The RTO’s gross billings for the month were $11.2 billion — about one third of the total for all of 2013. Collateral calls for the month totaled $2.6 billion, more than six times the total for all of 2013. (See charts.)

PJM officials told the Members Committee that they are combing through data in preparation for an April 1 technical conference called by the Federal Energy Regulatory Commission.

January 2014 Billing & Collateral Activity (Source: PJM Interconnection, LLC)
January 2014 Billing & Collateral Activity (Source: PJM Interconnection, LLC)

Acting FERC Chair Cheryl LaFleur announced the conference Feb. 27, saying it would focus in part on the experience in PJM, which called on demand response, a voltage reduction and voluntary appeals for conservation to avoid rolling blackouts in the face of record demand and large numbers of generator outages.



Investigations Sought

Consumer advocates from the PJM states on Feb. 14 asked FERC to investigate the causes of the high prices.

“It is becoming apparent that the unprecedented energy and ancillary service prices that occurred in January were not reflective of smoothly operating market fundamentals, but were, instead, reflective of significant and systemic inefficiencies,” the advocates wrote. “For example, we know that more than 40,000 MW of generation was unavailable during critical periods in January due to forced outages. This is the same generation for which consumers in the PJM region are paying billions of dollars in capacity payments each year.”

The American Public Gas Association, which represents publicly owned local distribution companies, asked the Commodity Futures Trading Commission (CFTC) Feb. 20 to examine the cause of a 10% jump in the February 2014 New York Mercantile Exchange (NYMEX) Henry Hub contract.

The association said natural gas for February delivery jumped 52 cents to $5.557 per MMBtu, the highest closing price in more than three years, during the final hours of trading on Jan. 29.

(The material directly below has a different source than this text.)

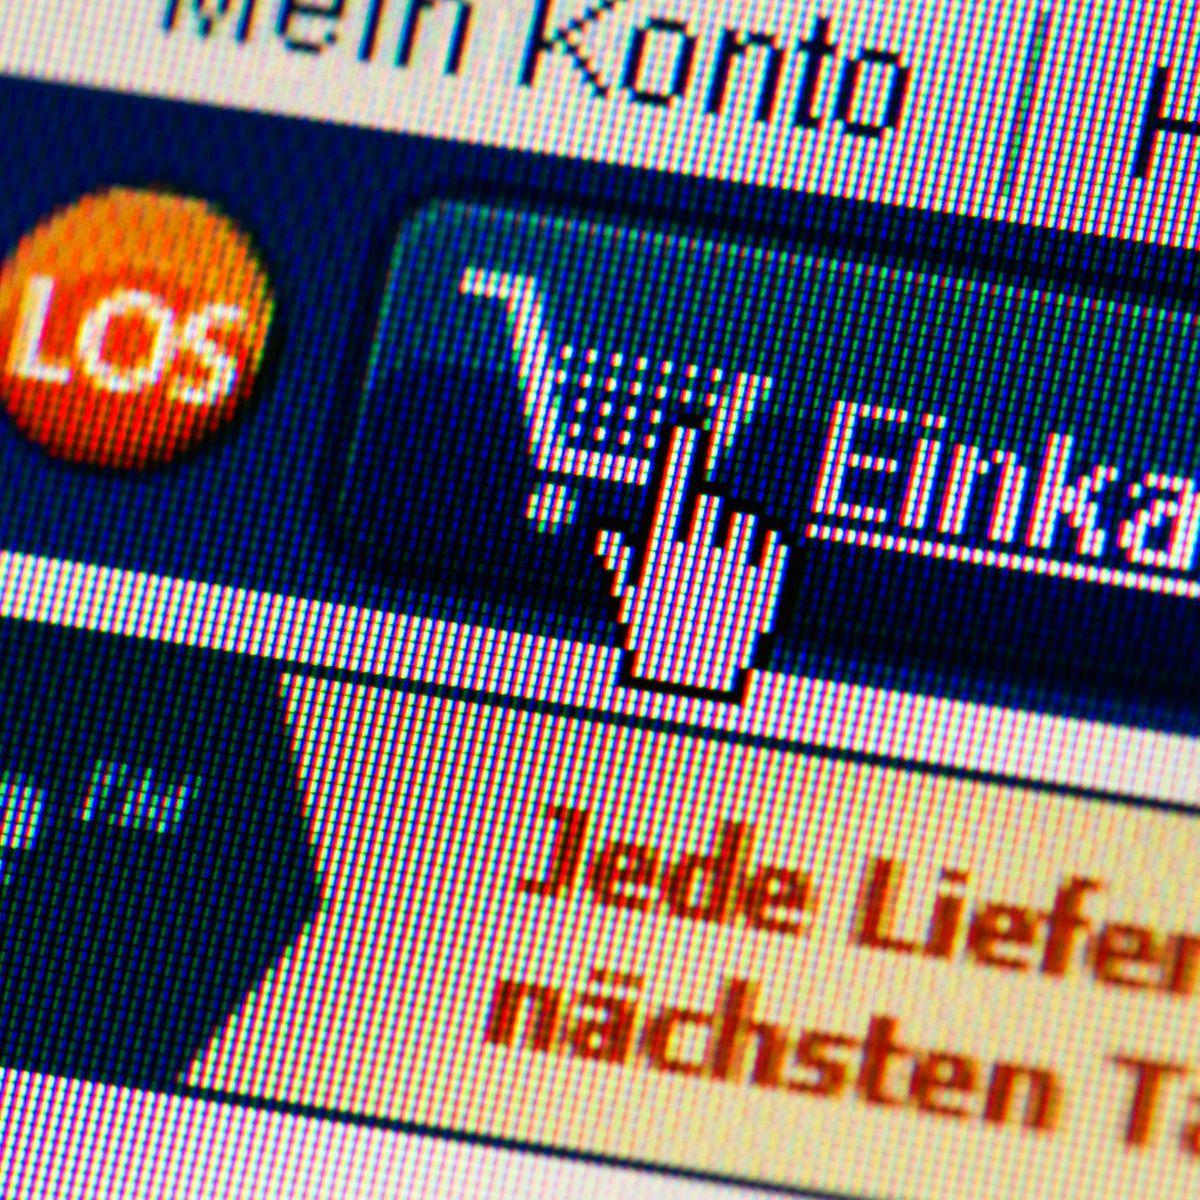 Brexit Zoll Auf Retouren Macht Online Handel Teurer Manager Magazin

While he said the association had no evidence of manipulation, APGA President Bert Kalisch said “We are more concerned about the pervasive pricing impact of NYMEX and want to be certain that the market is liquid and operating correctly.”

Gerald Ballinger, chairman of the group’s Gas Supply Committee, noted that most public gas companies purchase gas under contracts priced off of a price index.

Inside FERC’s Gas Market Report calculated the February price at Texas Gas Zone 1 based on a survey of 18 trades, 17 of which were basic transactions priced off of NYMEX, he said. The price rose to $5.54/MMBtu in February, compared up from $4.34/MMBtu in January.